Si ritorna sempre sul tema delle attività che mancano, quindi?
«Certo. Bisogna tornare all’accoglienza diffusa di 5 anni fa, riprendiamo i tirocini, facciamo andare i ragazzi a scuola, facciamo fare loro dello sport. Educhiamo queste persone a migliorare e migliorarsi. Se tu riempi la giornata di una persona dalla mattina alla sera, torna a casa talmente stanca che non penserà a fare altro. E sarà magari una persona contenta e orgogliosa di essersi sistemata e inserita in un percorso e in un sistema».

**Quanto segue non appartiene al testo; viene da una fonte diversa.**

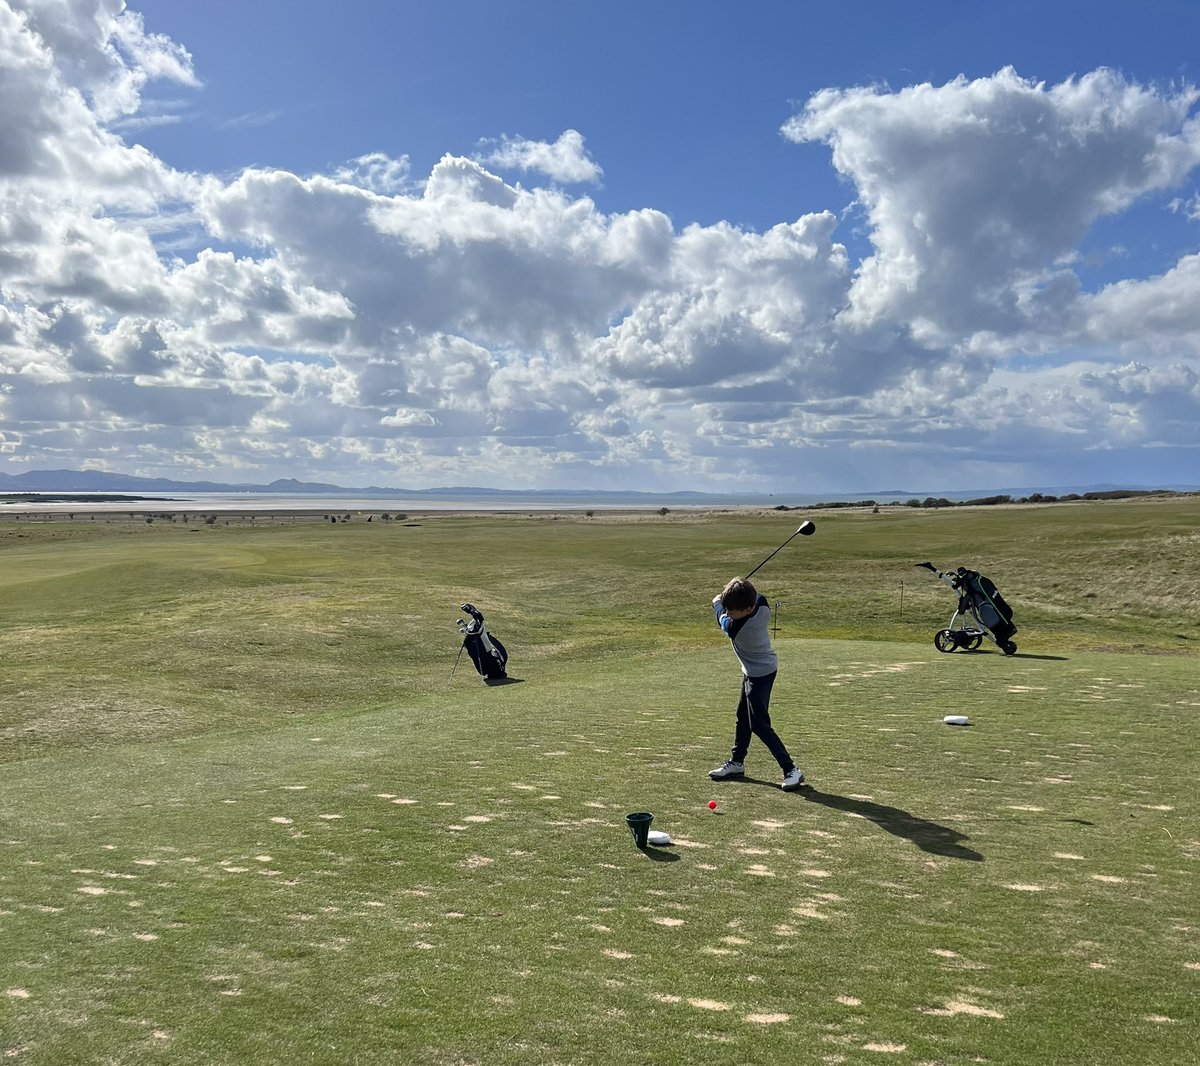 Great afternoon with Henry @GullaneGolfClub Thanks to the hospitality of @GullaneProShop for making us welcome. Henry enjoyed the test of golf on @scotgolfcoast #golf #Edinburgh

E sicuramente meno disposta ad avvicinarsi allo spaccio e alla criminalità?
«Lo spaccio esiste anche perché la gente non ha da mangiare, non ha mezzi e non vede futuro. Come si salvano queste persone? Creando opportunità e le assicuro che ci sono molte associazioni che non vedono l’ora di riprendere le attività che svolgevano prima della stretta leghista. E sono sicuro che se ritornassimo al sistema di una volta, sarebbero tantissimi i cittadini trentini che si impegnerebbero per sostenere, aiutare, organizzare corsi e attività di volontariato anche nelle strutture di accoglienza. È chiaro che, se un volontario oggi entra alla Fersina e vede centinaia di persone ammassate e due operatori in croce scappa dalla giungla».
Due dei ragazzi coinvolti nella rissa avevano precedenti penali e saranno rimpatriati. Lei è favorevole ai Cpr?
«Assolutamente no. Sono delle prigioni. Poi io non conosco questi ragazzi e i loro precedenti, mi limito a fare una valutazione esterna. Non capisco se la Provincia, così facendo, cerca una punizione collettiva… L’oppressione non è la soluzione, ci vuole coinvolgimento. Possono rimpatriare due persone oggi ma domani avremo lo stesso problema».